Michael Cheika's mind wanders back to Australia when his side are playing abroad.
Playing on the other side of the world means kick-off is typically in the wee hours of the morning in Australia and fans must be dedicated to the cause to watch every match.
The clash with South Africa is a prime example.
The kick off is at 1:05am AEST, and rugby fans will have a choice.
Grab the phone and check scores in the morning or set an alarm, get up and watch the Wallabies tackle the Springboks in Port Elizabeth.
It's the dedicated fans who choose the latter which Cheika wants his side to keep at the forefront of their minds.
"There are fans that we have no matter what, and I am hearing from them every day," Cheika said.
"They are the ones who are there supporting us more than anything and they are the people that we want to do well for in the first instance.
"They're saying to keep at it, they're there.
"And there are others that aren't like that.
"They just want the team to do well.
"People are bitter because they want the team to do well and I am never going to begrudge anyone that."
The fans who sleep through to the morning can only be won back by success.
Those wins are hard to come by in The Rugby Championship and particularly scarce on the road.
That leaves the Wallabies - who are $4 underdogs this weekend - in a tough situation in Port Elizabeth.
They are up against a Springboks side flying high with confidence after a remarkable win over New Zealand in Wellington, but Cheika believes his side have the toughness to survive the storm.
"Tough situations will come and go and the tough people won't (go)," he said.
"They will stay and they will do their best to make sure the people we want supporting us.
"I know we cop a lot of flak but these lads are trying their hearts out.
"When it doesn't go right it's tough but you have to be tough.
"The situation will go away once you show you are tough and that you can stand it out and to do what is necessary to see it through and come out the other side better and on top.
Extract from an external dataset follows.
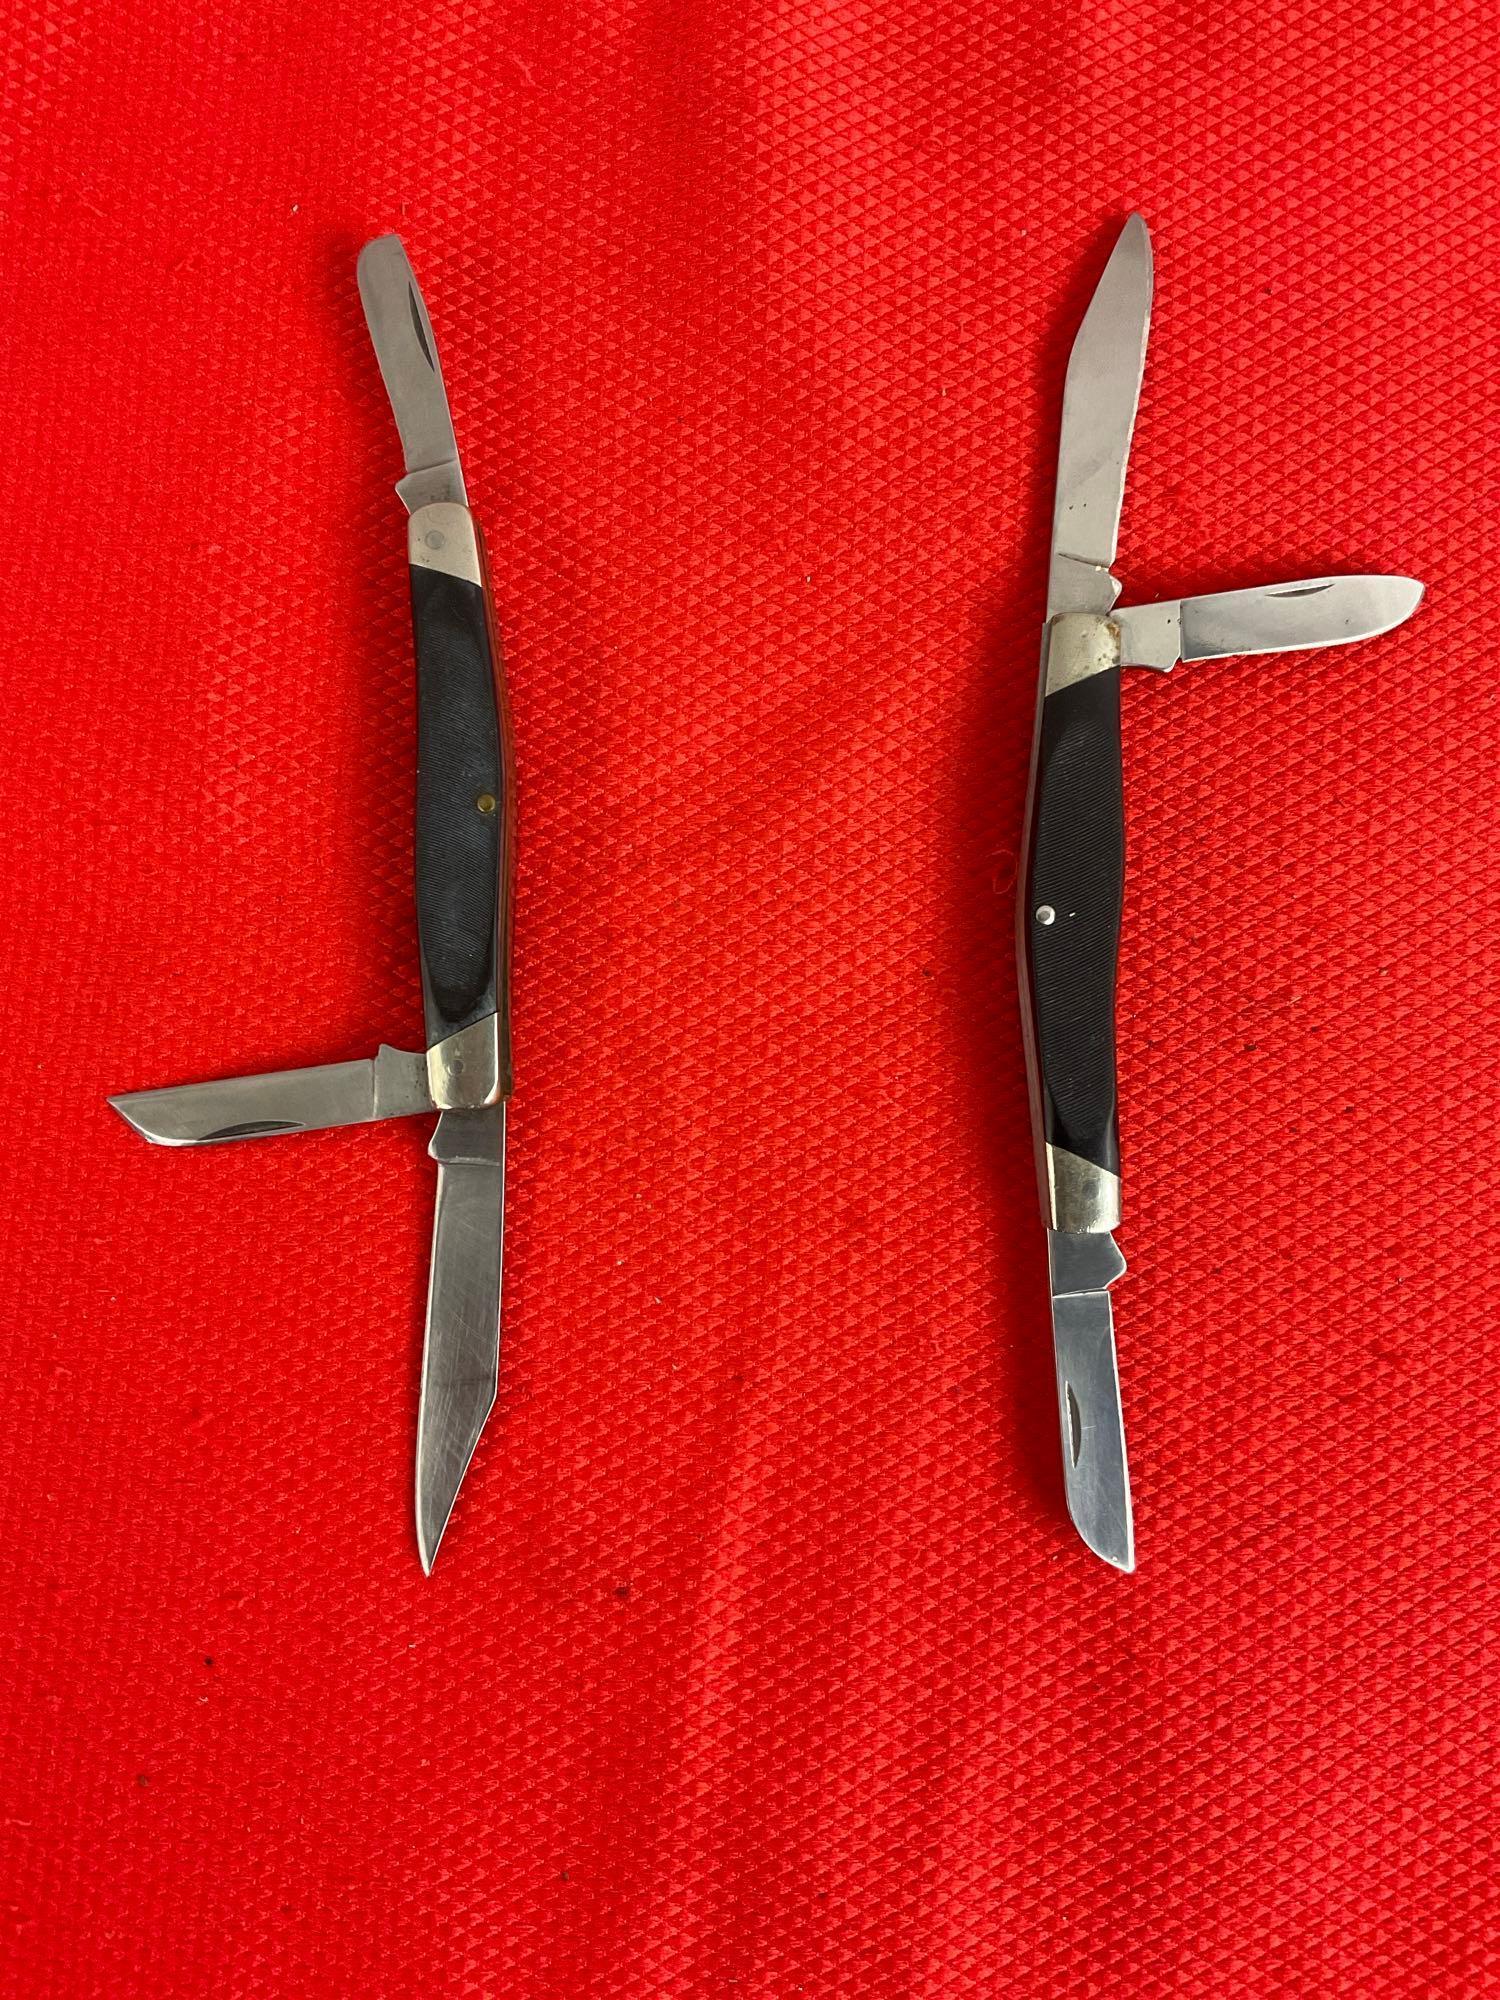 2 pcs Vintage Buck 3" Steel Folding 3-Blade Stockman Pocket Knife Model 301 w/ Delrine Handles. As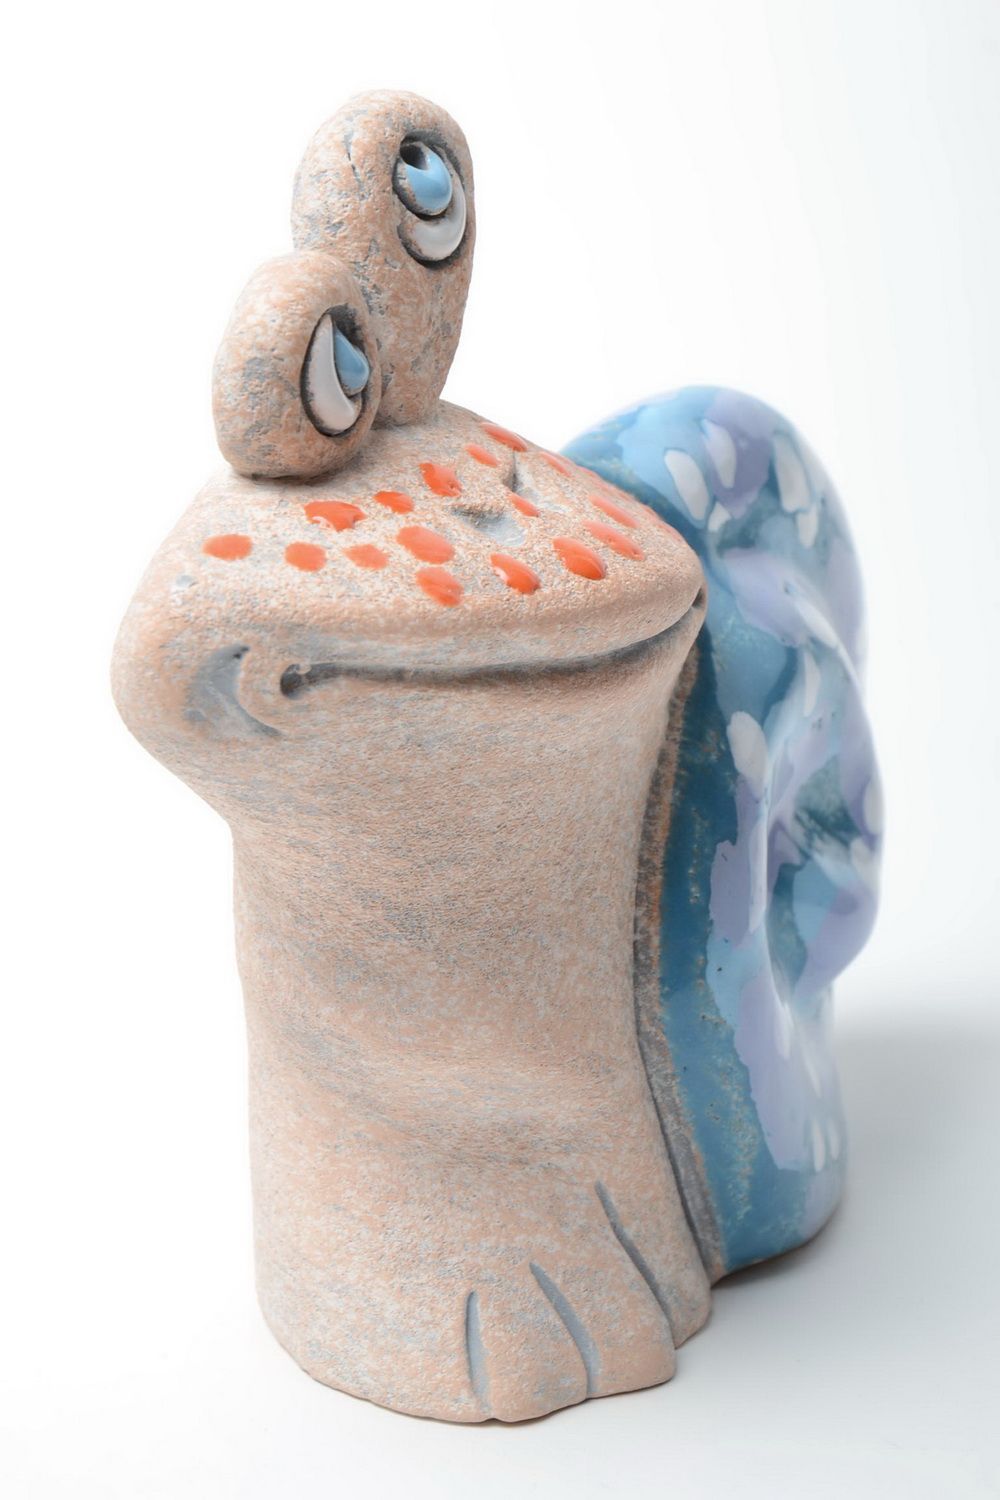 Tirelire en céramique peinte faite main cadeau original en forme d'escargot photo 2

"I see how hard the guys work every week.
"How hard they train - their heads are down and they are trying to get the right things done.
"I'm sure that if they stay focused on exactly what they need to do on Saturday good things will come to them."
The Australian toughness this Sunday must start in defence.
The Wallabies missed 21 tackles in the first half against the Pumas.
Those missed tackles set a terrible tone and 40 minutes later Argentina were celebrating their first win on Australian soil in 35 years.
Not one to dwell on the past, Cheika turned the equation on its head.
"A great form of defence is attack," he said.
"Let's try to keep them occupied with some of the business we are bringing and make it a little bit harder for them to concentrate on their own.
"That comes from everyone in our team.
"Knowing what their role is and bringing that with a lot of energy.
"Getting set up earlier than the opposition, being there ahead of things, being there waiting for things to start and wanting them to start so you can get involved."
The energy Cheika speaks of was evident in South Africa's drought breaking win in Wellington.
Wave after wave of All Blacks attack in the final quarter was repelled by desperate yet measured South African defence which left nothing in the tank.
But while they were given no hope by most Cheika was not surprised by the result.
"It doesn't surprise me that they can go over and do that at all," he said.
"Good team. To me that's not unexpected.
"I know it is unexpected for most people but I don't see it like that.
"That's what happens when you turn up on the day and you are ready to go.
"Anything can happen in this game."
Cheika's side must turn up and be ready to go from the first whistle on Sunday.
If they are there will be more and more televisions lighting up in the post-midnight hours in the weeks and months to come.
"Talk is cheap. It's on the field where it's going to happen," he said.
"I can make all the messages I like but I'm not a politician.
"I'm a rugby coach and the politicking is done on the field.
"I get it, mate. Like I said it's been tough.
"(The fans) are only hurting because they want the team to do well.
"Not because they are bitter or anything like that.
"We play well, fans will be there.
"All I want to do is play good footy, make them proud and there will be none of that chat anymore.
"I want the game to prosper in Australia more than anybody.
"And I understand that the team playing well is a beacon for that type of stuff.
"I am doing everything I can to make sure that happens."
The Wallabies face the Springboks in Port Elizabeth on Sunday morning AEST, kicking off at 1:05am, LIVE on FOX SPORTS and Channel Ten.